Once a user has run the backup creation task successfully at some prior time, they will have access to an archive tarball file that may be used to restore the application data state to roughly that point in time. These archive files will be stored either on the local system in a specific directory, or in a cloud object storage bucket, depending on the system configuration. But once an administrator is sure that backups have been captured, they can request restoration of a particular backup using the gitlab-rake command shown above, where <backup_id> indicates the base file name of the backup tarball.

Running a restore operation will obliterate the current state of application data. Thus, the Rake task will pause to confirm the destructive action with the user before proceeding.

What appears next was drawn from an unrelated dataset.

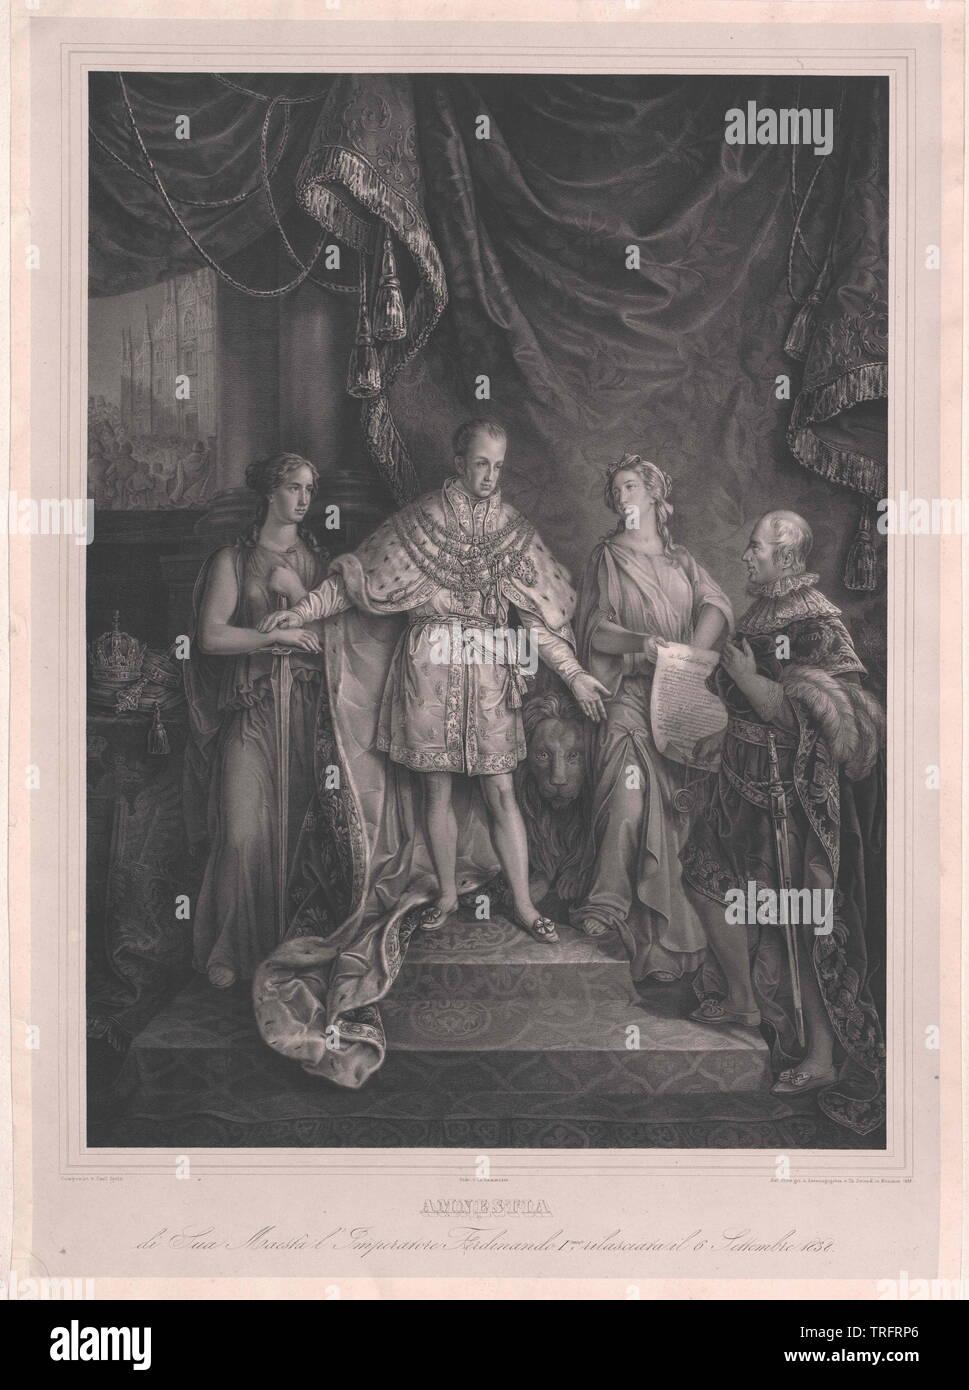 Ferdinand I, Emperador de Austria, Additional-Rights-Clearance-Info-Not-Available Foto de stock
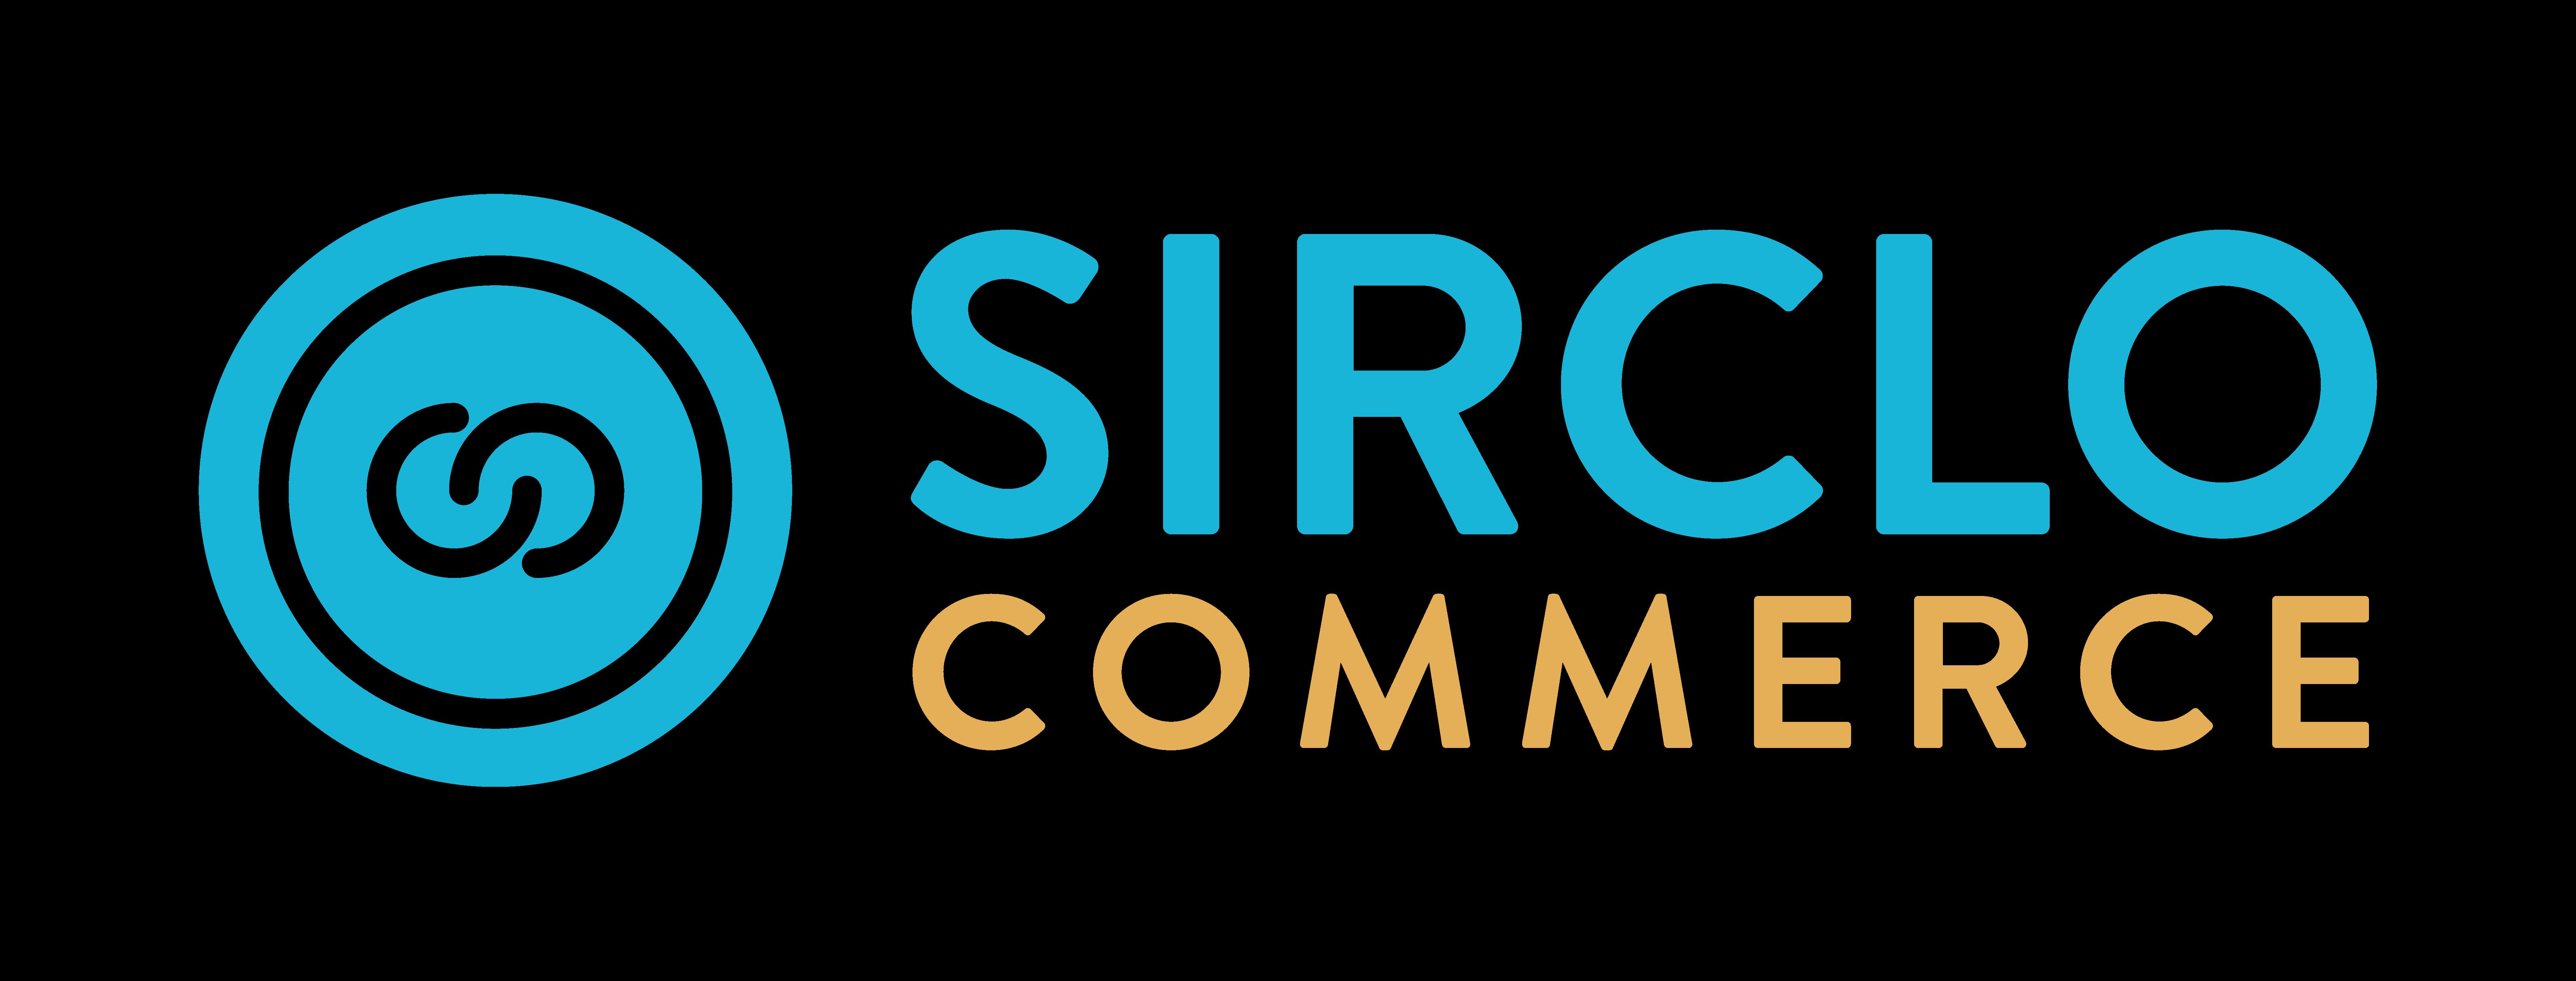 Sirclo image

Default Backup Restoration Procedure

When a user executes the backup restoration Rake task, a sequence of steps are carried out that mirror the steps performed during the creation process. This sequence is outlined as follows:

  1. Create a temporary directory to serve as a working directory during restoration
  2. Fetch a copy of the target archive tarball and unpack its content inside the work directory
  3. Validate that the archive data is able to be restored:

    1. Read its backup metadata from the backup_information.yml file if exists.
    2. Verify the GitLab application version at the time of backup matches the current application version.
    3. Fail out of the whole restore process if any of these files do not exist, are malformed, or if the version does not match.
  4. Confirm the user wishes to destroy all current GitLab data before proceeding with restoration.
  5. Read and decompress each .sql.gz file corresponding to a known application database. Run the SQL content to overwrite the full state of each database.
  6. Fetch all repository bundle data stored in the repositories archive directory. Work with the Gitaly service to restore each repository to its expected storage location using the saved bundle data. find a .tar.gz file in the top archive directory that corresponds to the target feature. Decompress each feature tarball and read its binary file contents, copying to the appropriate blob storage configured for the system. This action is performed for each of the following features:

    • uploads
    • builds
    • artifacts
    • pages
    • lfs
    • terraform_state
    • registry
    • packages
    • ci_secure_files
  7. Reconfigure SSH access and rebuild an authorized_keys file by running GitLab Shell setup task.
  8. Clear any cache data.

As with the backup creation operation, there are numerous configuration file values and environmental variables that may alter how the restoration task is performed.